1630 – Tie up Oceanside Yacht club; guest moorage available and reciprocals accepted. Up to the Yacht club for drinks and then a short walk around “Pirate Days.” Vendors lined the entire quay, dressed in variety of pirate costumes; some looking a little too authentic. Oceanside is a deceptively large marina with two basins. Upon returning to the boat we saw one of the brigantines depart. The wind had kicked up a little, as well as the seas. As the ship rounded the jetty at dusk, heading north, you could see him pitch fore and aft. His great bowsprit pointing nearly vertical then disappearing behind the jetty leaving only the tops of his masts visible; another pitch and the great bowsprit came into view only to disappear again. The motion continued with perceptible progress north until, as the sunset and night cast its long shadow, the ship disappeared into the obscurity of another time.

Monday, September 17, 2007
1000 – Depart Oceanside for San Diego; slight overcast (marine layer); winds 5-10 knots from the south; skies cleared and wind died – motored all the way to San Diego, past Carlsbad, La Jolla, Mission Beach, Ocean Beach and around Pt. Loma; heavy kelp beds around Pt. Loma (had to back up several times to shake the kelp from the prop). A U.S. Navy submarine was entering San Diego Bay just as we were. He had only a Coast Guard RIB and Navy Security boat as and escort.
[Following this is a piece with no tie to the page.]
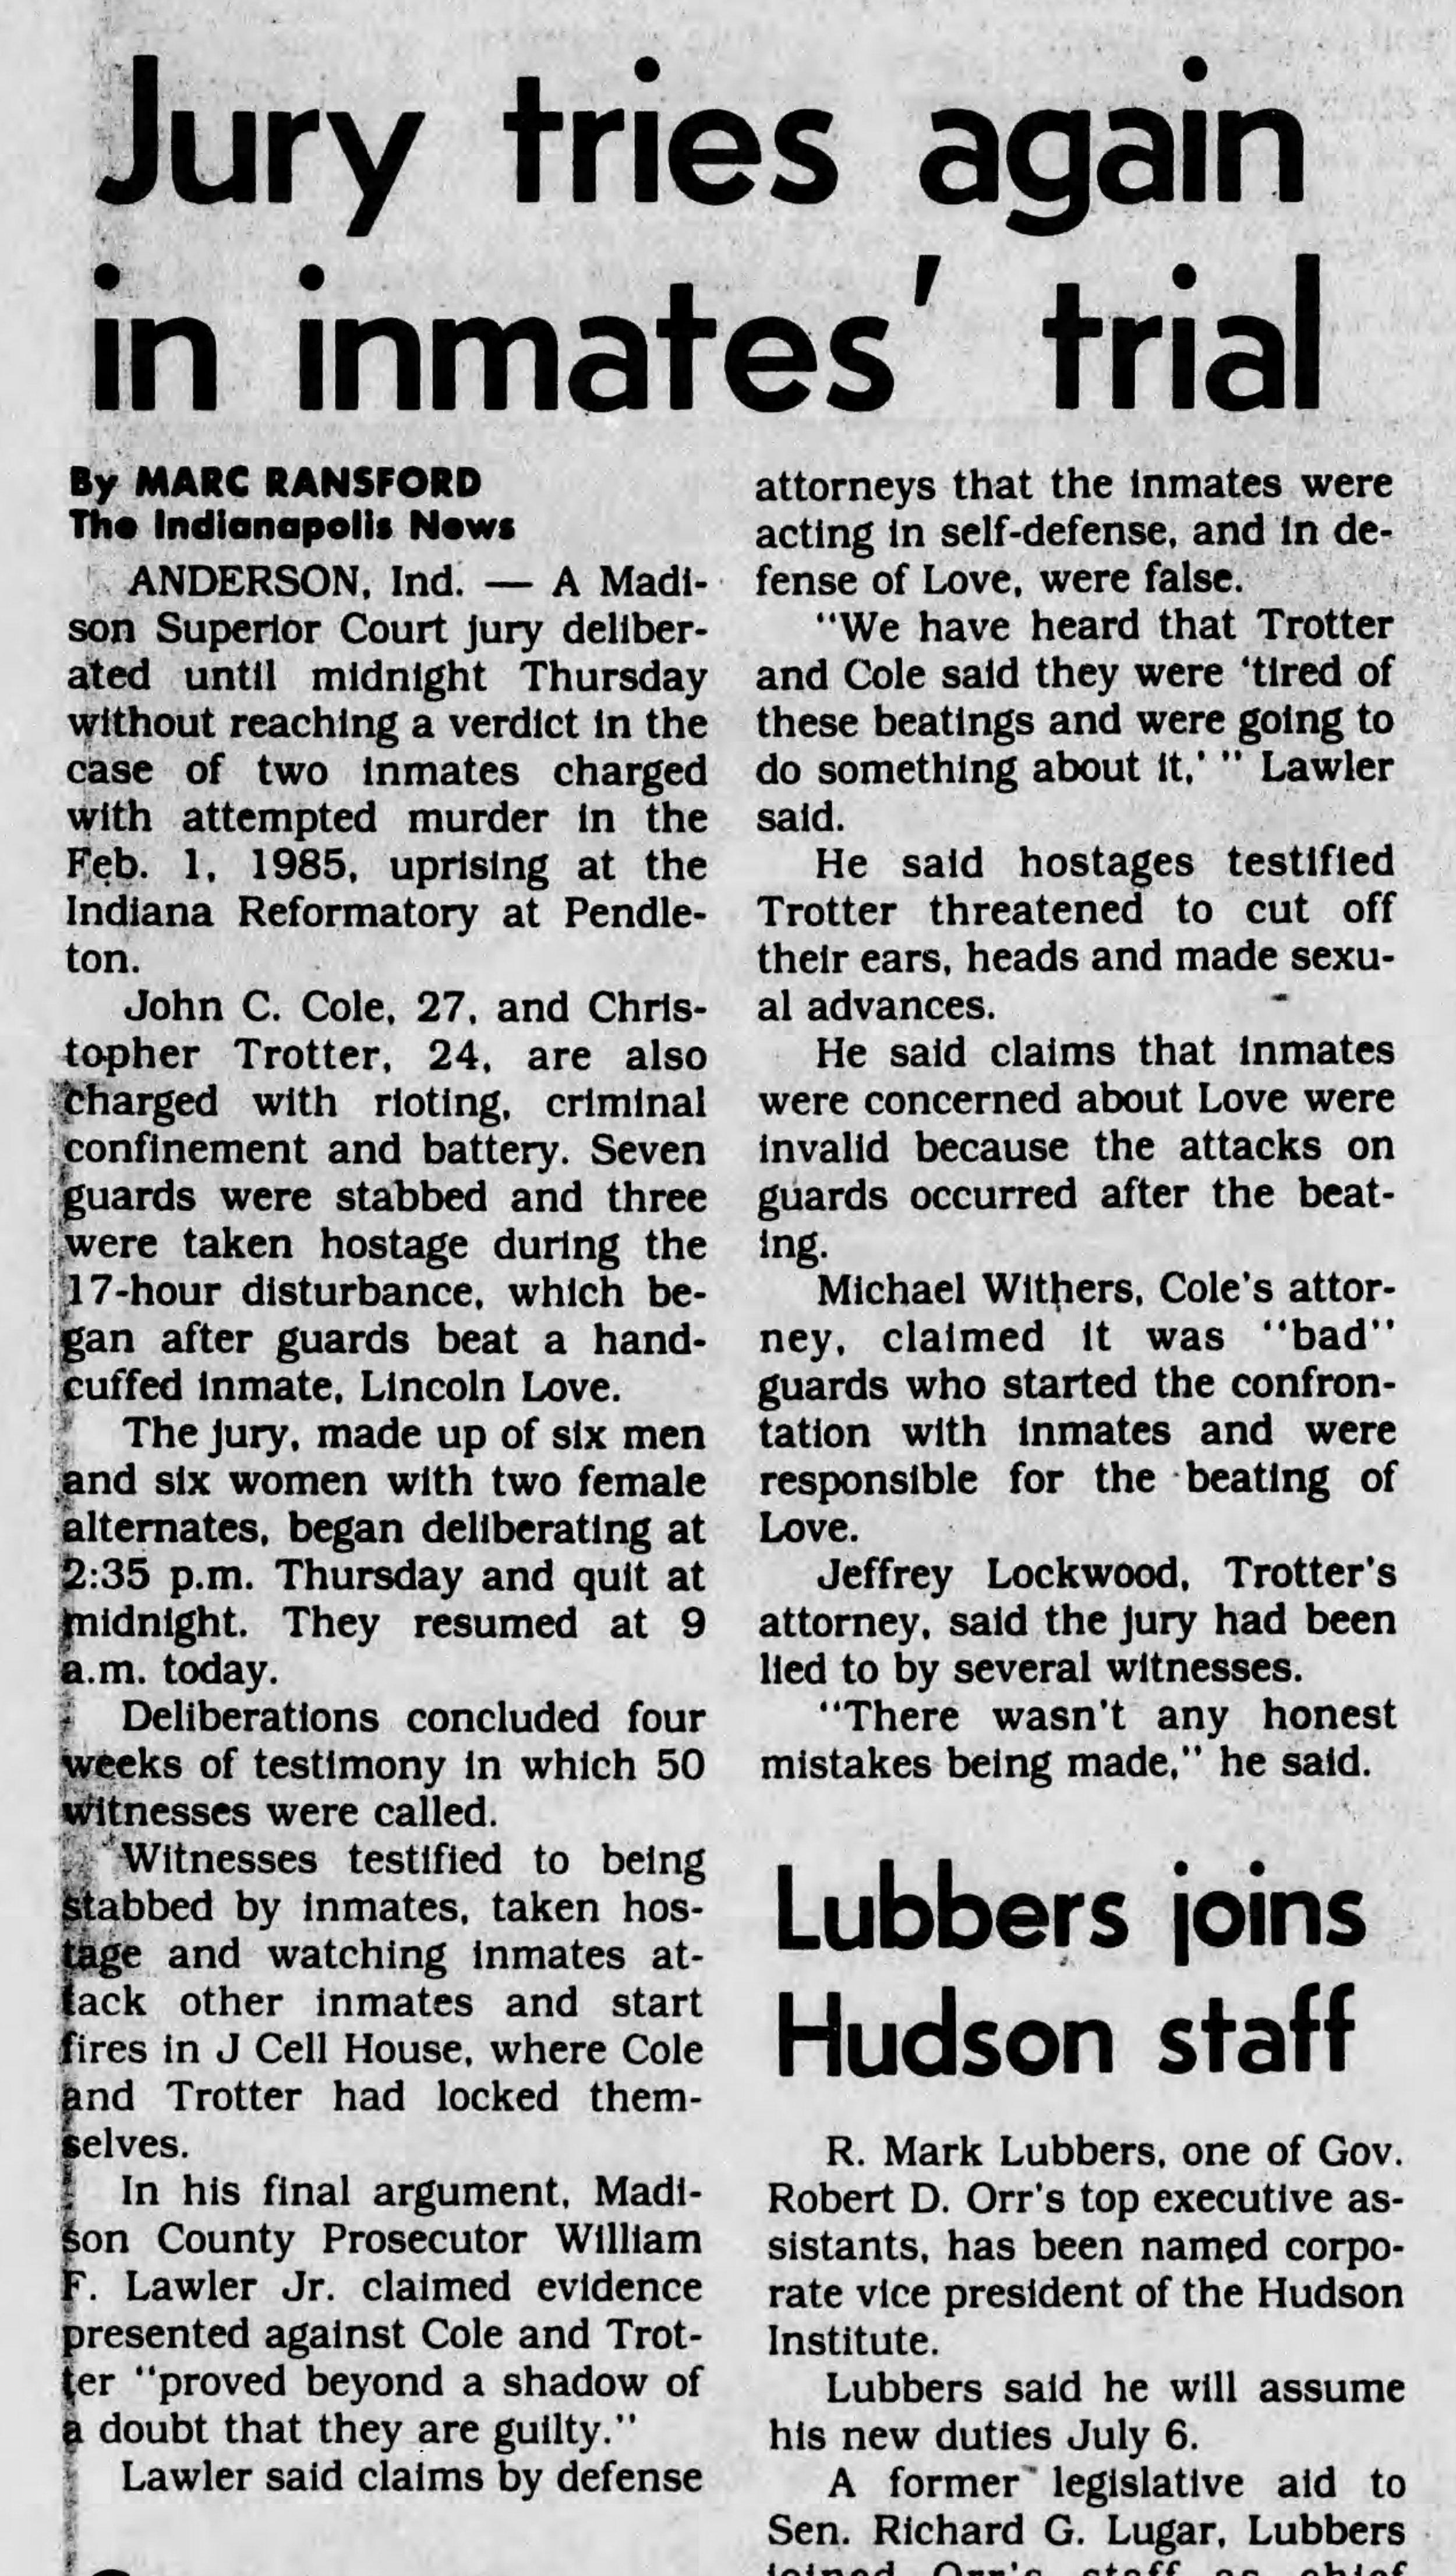 The_Indianapolis_News_Fri__Jun_12__1987_.jpg

Remember up in Straits of Juan de Fuca and the CG Cutter that had come all the way across the Strait to tell us to alter course; we could barely see the sub up there and down here, the sub was within shouting distance … go figure. A barge came out to meet the sub; a gangplank was thrown between the two ships and a working party started to offload supplies from the barge to the sub. By the time we had rounded Naval Air Station, North Island the sub had turned around as was headed out to sea again. San Diego is a big harbor and it took us two hours to get from Pt. Loma to Fiddlers Cove Marina (just beyond the Coronado Bridge).
1830 – Dock at Fiddlers Cove Marina (this will be our home for the next six weeks). We have navigated the entire west coast of the Untied States coming 1542 nautical miles; spent the last 55 days on the boat; spent 260 hours of motoring; burned 176.7 gallons of fuel; used 3.2 gallons of propane; performed two oil changes, three engine cooling repairs; drained the overfilled transmission; tightened a loose fuel filter, a dripless packing gland and repaired a leaking anchor locker. We stopped in 26 harbors, spent $845.00 on moorage and participated in one potluck dinner … not a bad set of figures.